Sebanyak 314.129 Warga Indramayu Penerima Bantuan Pangan Dari Bulog

detikhukum.id, || INDRAMAYU – Perum (Perusahaan Umum) Bulog (Badan Urusan Logistik) Cabang Indramayu, Jawa Barat, menegaskan komitmennya dalam membantu pemerintah menyalurkan bantuan pangan kepada masyarakat melalui pemerintah desa setempat, Jumat (03/03/2026).

Penyaluran bantuan pangan ini masih menggunakan data penerima dari Kementerian Sosial Republik Indonesia. Dalam program ini, Bulog berperan sebagai penyalur resmi yang ditunjuk pemerintah untuk memastikan bantuan sampai kepada masyarakat yang berhak.Untuk kegiatan bantuan pangan Bulog Cabang Indramayu, bersama pemerintah Kabupaten Indramayu, sudah melaksanakan launching kegitan yang hadiri oleh bupati Indramayu, Forkopimda di Desa KalensariPimpinan Perum Bulog Cabang Indramayu, Sri Wahyuni, menjelaskan bahwa seluruh proses penyaluran dilakukan secara transparan sesuai dengan data yang diterima dari Kemensos.

“Untuk data penerima bantuan pangan masih menggunakan data dari Kemensos.
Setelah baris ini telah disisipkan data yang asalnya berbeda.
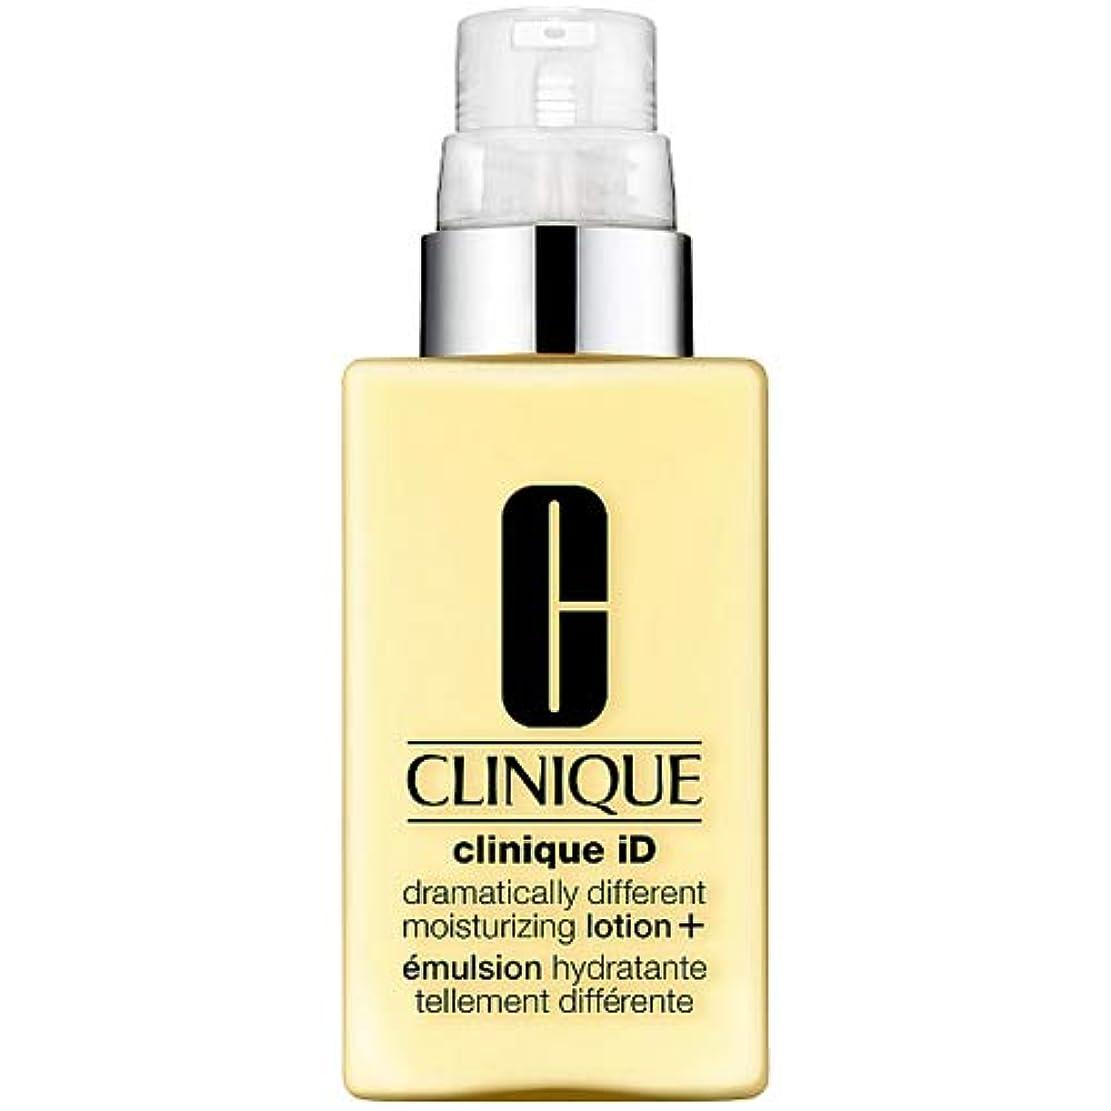 カナダ出発するピストルクリニーク CLINIQUE クリニーク ID 乳液(DDML+)/ブライトニング(TN) 115ml+10ml [並行輸入品]

Namun apabila dalam pelaksanaannya terdapat nama yang sudah tidak ada, maka menjadi kewenangan pemerintah desa setempat untuk melakukan penggantian,” ujarnya.

Sebanyak 314.129 warga Kabupaten Indramayu tercatat sebagai penerima bantuan pangan untuk alokasi Februari–Maret 2026.Menurut data dari Kemensos, khususnya di Kecamatan Kedokan Bunder, jumlah penerima bantuan mencapai 8.260 keluarga penerima manfaat (PBP), dengan total distribusi 165.200 kilogram beras dan 33.040 liter minyak goreng.Program bantuan pangan ini berupa beras dan minyak goreng yang diperuntukkan bagi masyarakat rawan pangan guna membantu memenuhi kebutuhan pokok sehari-hari.

“Setiap penerima mendapatkan beras 20 kilogram untuk dua bulan sekaligus, serta minyak goreng total 4 liter,” tambah Sri Wahyuni.Secara keseluruhan, total beras yang disalurkan mencapai 6.282.580 kilogram atau sekitar 6.282 ton.

Sementara itu, distribusi minyak goreng mencapai 1.256.516 liter.Sri Wahyuni menambahkan, program bantuan pangan ini merupakan bagian dari upaya pemerintah dalam membantu masyarakat kurang mampu sekaligus menjaga stabilitas harga bahan pokok di pasaran.